Time to complete PnP query remove

For the sake of an easy example, let’s assume I’m implementing something similar to the iSCSI initiator. I have a root enumerated virtual storage minport (non-boot/non-paging disk), that talks to one of a couple kinds of transport drivers. The storage driver and the transports exchange function pointers via QueryInterface (discovered via interface notifications), so have a direct call interface, for best performance.

So let’s say a user wants to update the transport driver, the PnP manager will send a query remove, and being a good PnP citizen the transports want to agree, but has to tell the storage driver the path to the remote disk is becoming unavailable. Ideally, the storage driver could have an callback from the transport, and try to do a eject operation on the disk, which if everybody is PnP friendly (wishful thinking?) will cause the file system to flush it’s buffers and the disk is unmounted cleanly. Wait, it’s a miniport, can I even do a gentle eject of the child disks? I can certainly say the bus has changed, and make the disks surprise vanish. Somebody remind me why try to do virtual disks using a virtual storport instead of a kmdf bus driver that exposes disk pdos?

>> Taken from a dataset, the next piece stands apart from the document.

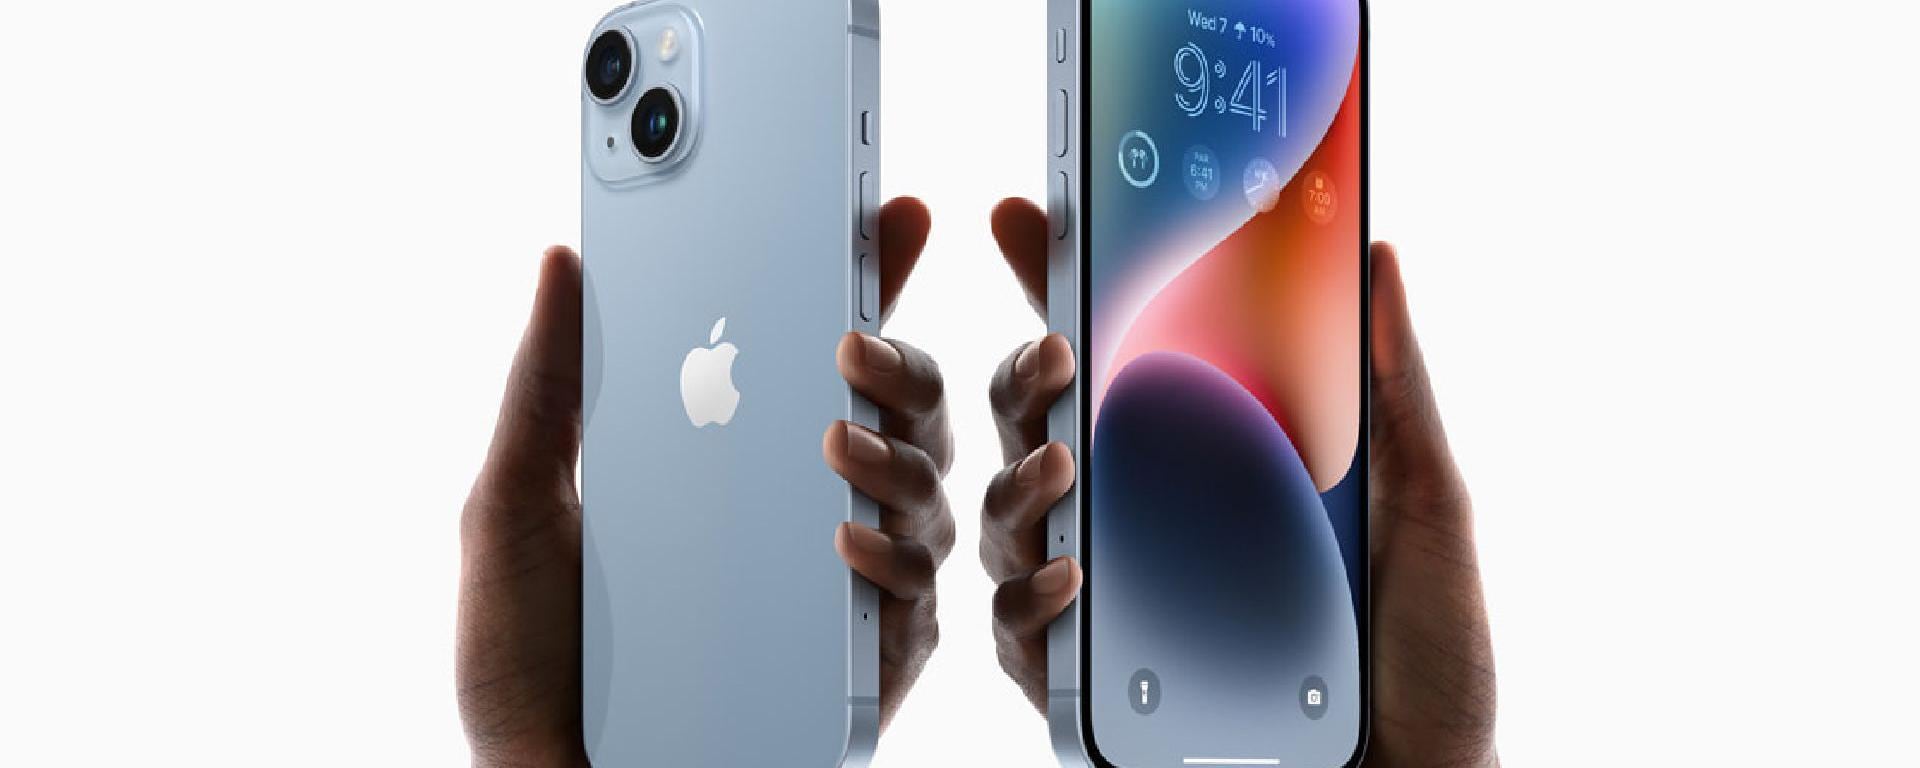 iPhone 11 Pro o Pro Max: ¿cuál merece más la pena?

Unmounting a disk is not always going to be an instant operation, so the question is: how long can the query remove to the transport take to complete before the PnP subsystem concludes a reboot will be required. At a minimum, any queued i/o to the transport will need to be completed (success or canceled), and on a big storage system you might have hundreds/thousands of outstanding requests across multiple LUNs. If you really are just updating a transport driver, the storage driver could in theory hold all the requests, and when the updated transports is available again, start up i/o’s again (well probably not, because the whole lun discovery process may have to happen first, although I think there is an srb return code that means try again in a little bit).

Or, perhaps the right thing is to fail the transport query remove if any volumes are online, although how do you tell if a disk is online or offline from a storage miniport? Miniports don’t exactly get open/close irps.

The more I describe this the more I think the question is: is it hopeless to try and be a good PnP citizen for a storage driver, although if you pull the network cable on a iSCSI disk, it’s a while before the initiator declares the disk gone. It seems like last time I debated this, a few years ago, the conclusion was all you really could do was tell users unmount your disks before you do anything that makes the disk surprise removed. Perhaps I should do some experiments on iSCSI disks, as I’m pretty sure you can disable a NIC in device manager even if it’s being used by the TCP transport for iSCSI traffic.

I’ve never had much faith in users following a procedure (even system management folks for servers), so generally believe software just had to do the right thing and cope the best it can with whatever actions the user takes.

I believe it’s a requirement of WHQL certification that drivers can be started and stopped in any order, unless there is a bus/child relationship, in which case the PnP manager controls the ordering, and if I don’t handle remove query, that will not be the case.

Jan

Your QUIERY_REMOVE should not be concerned about disks. That’s up to the upper layers and the applications. I don’t think any stor miniport ever handles it.